**EXERCISE AIM:** Return the data below unchanged, without images.
---------- THE DATA ----------
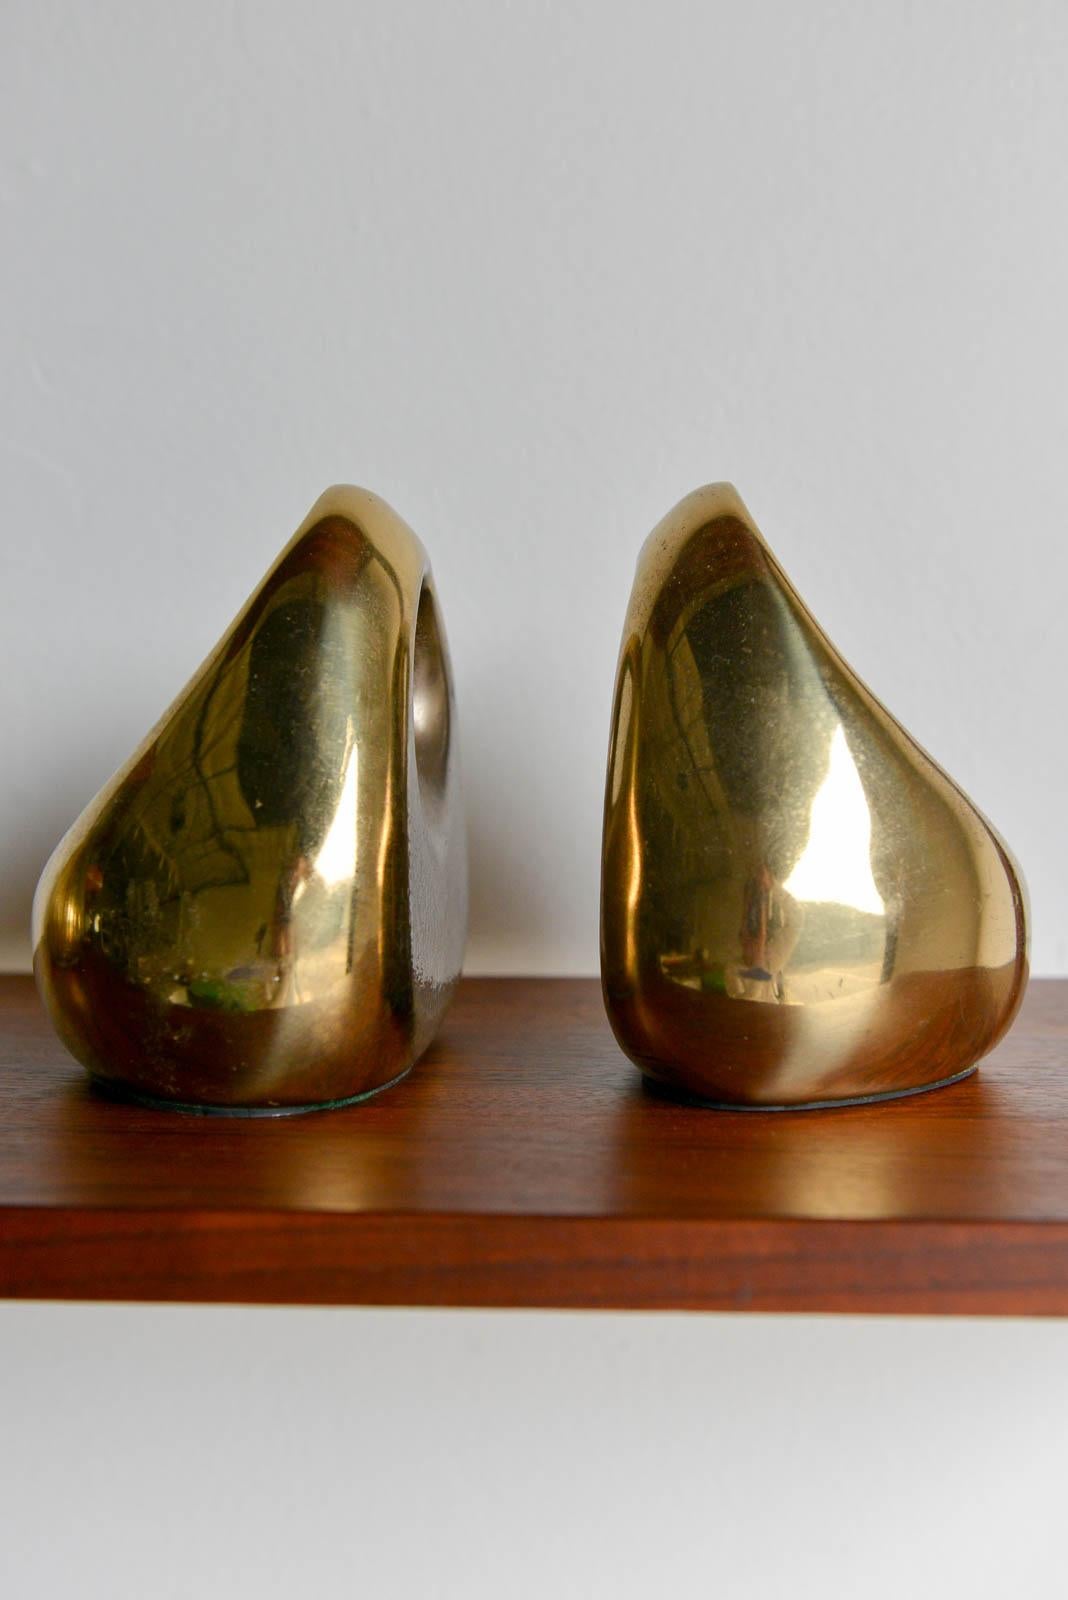 Brass bookends by Ben Seibel for Jenfred Ware, ca. 1960. Brass finish is vintage with some patina. Bottoms are felt lined to protect shelving.

Measures 
Height: 6 in. (15.24 cm)
Width: 5.5 in. (13.97 cm)
Depth: 4.25 in. (10.8 cm).
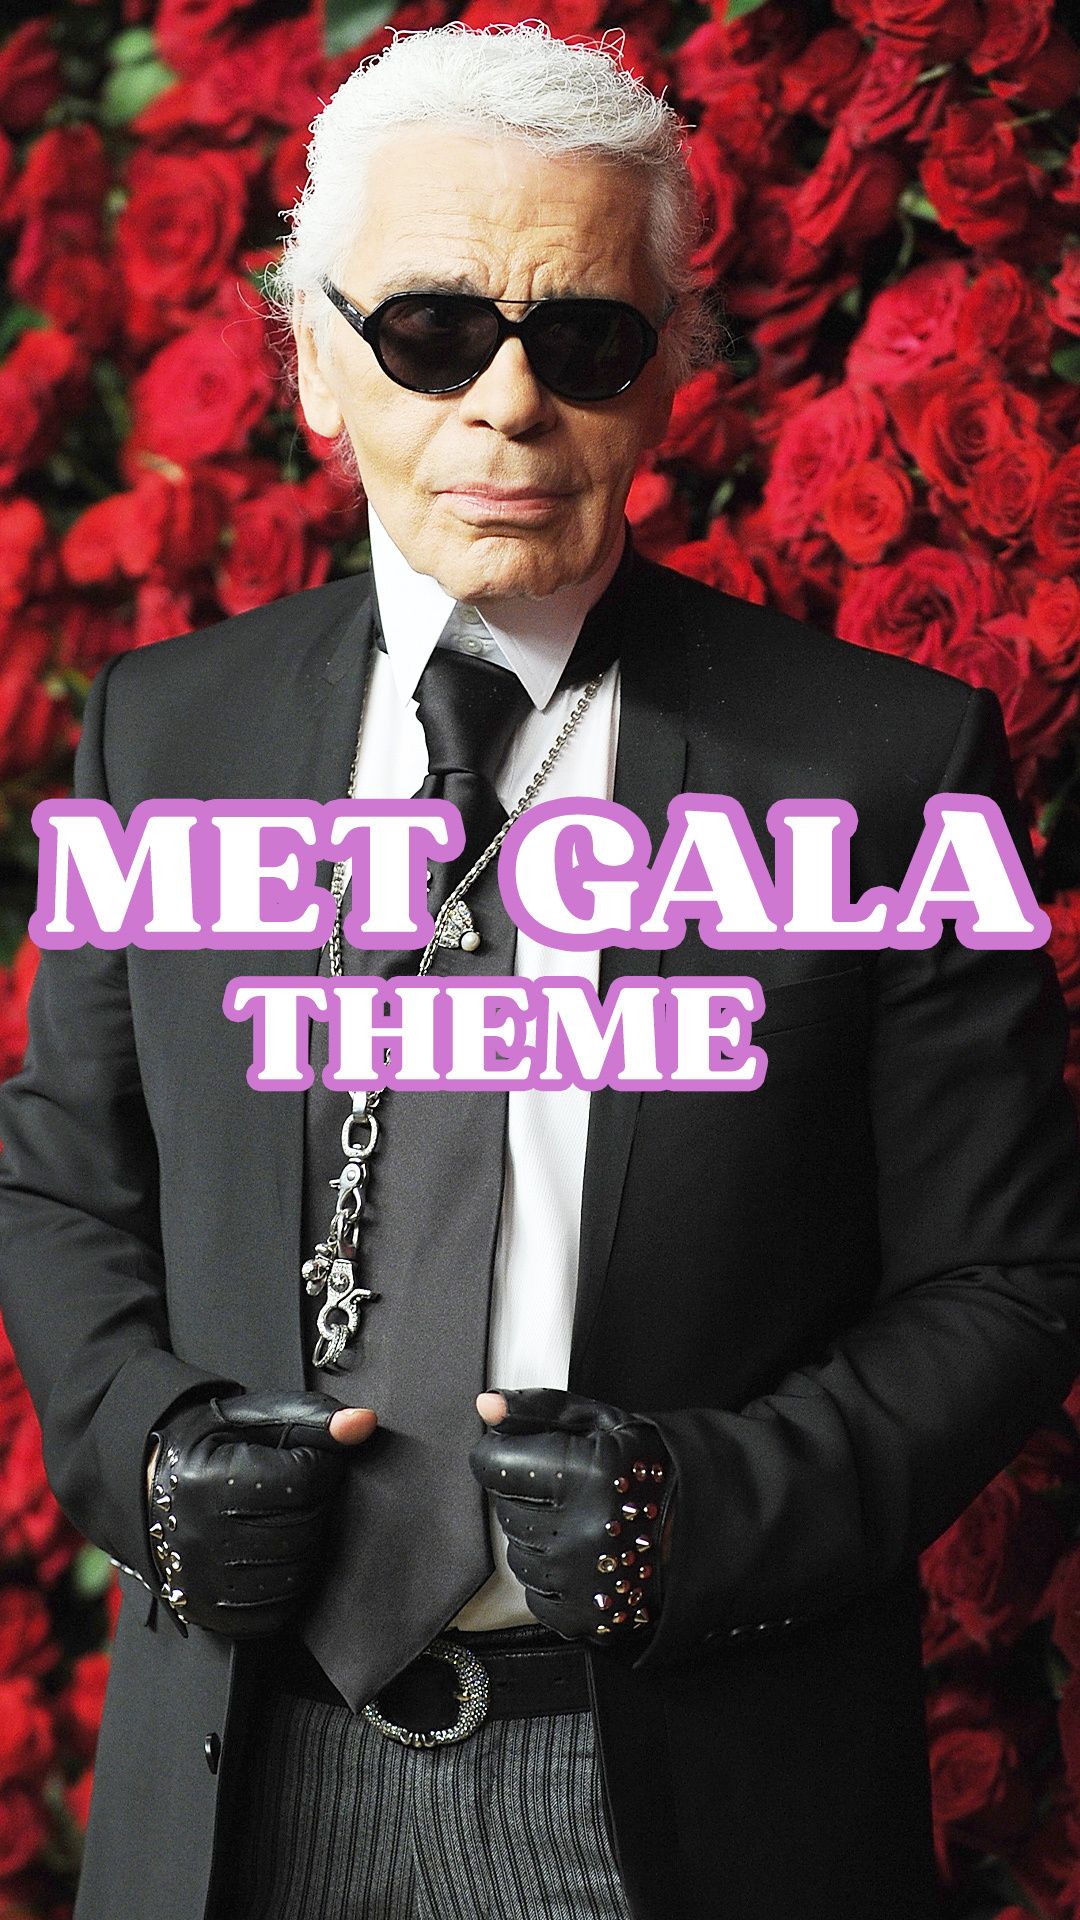 Karl Lagerfeld: The Man, The Legacy, and The MET Gala Theme
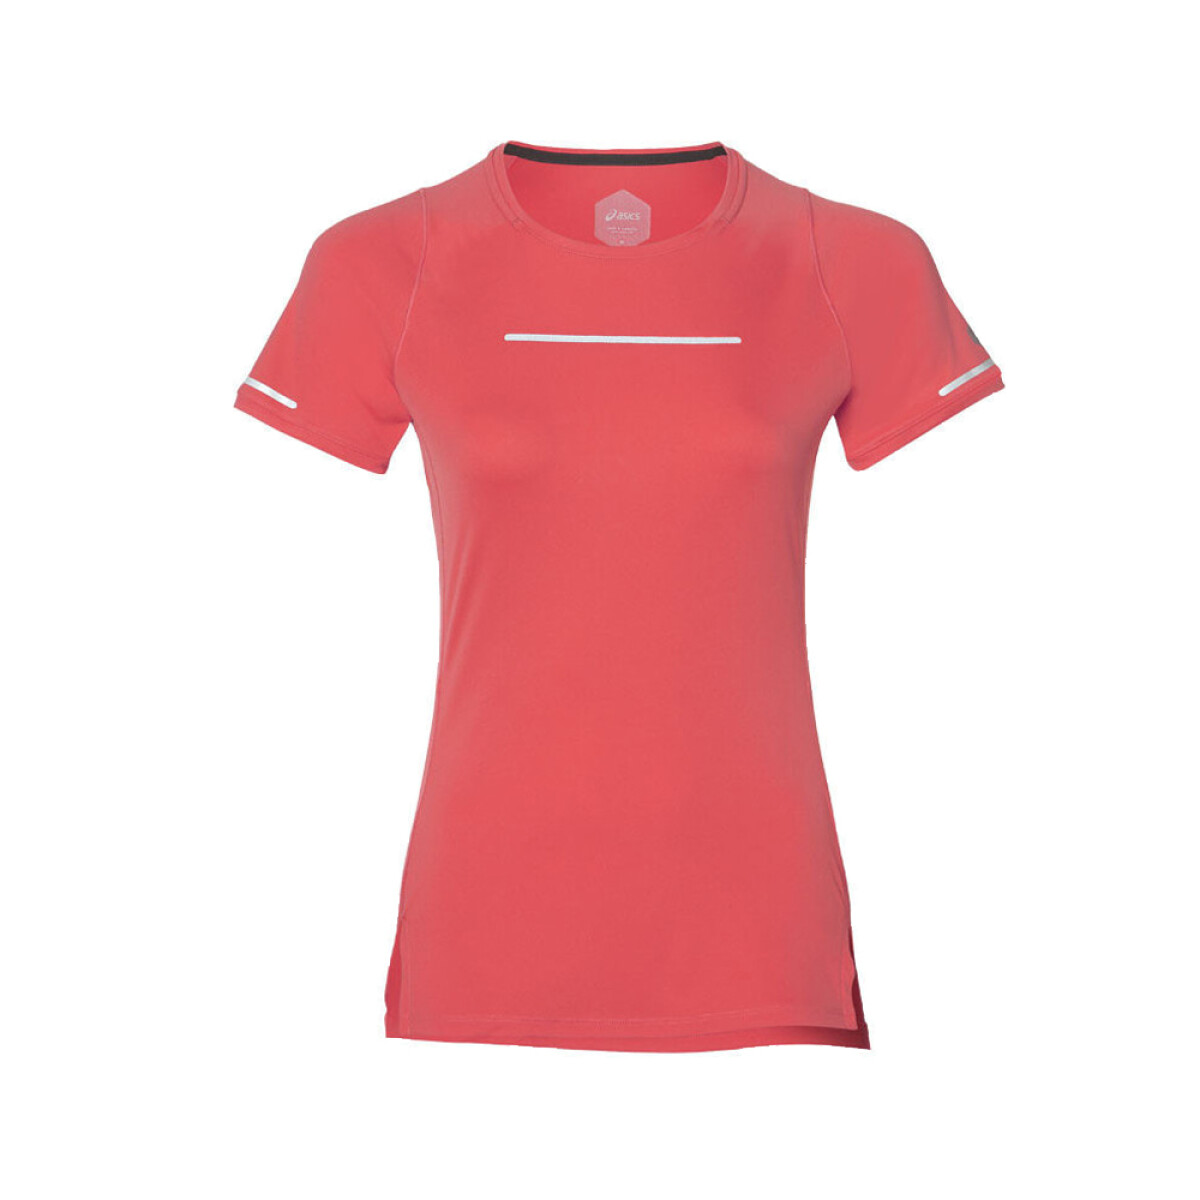 REMERA ASICS LITE-SHOW SS TOP - Coral
----------
**EXERCISE ANSWER:**
 Brass bookends by Ben Seibel for Jenfred Ware, ca. 1960. Brass finish is vintage with some patina. Bottoms are felt lined to protect shelving.

Measures 
Height: 6 in. (15.24 cm)
Width: 5.5 in. (13.97 cm)
Depth: 4.25 in. (10.8 cm).
 Karl Lagerfeld: The Man, The Legacy, and The MET Gala Theme
 REMERA ASICS LITE-SHOW SS TOP - Coral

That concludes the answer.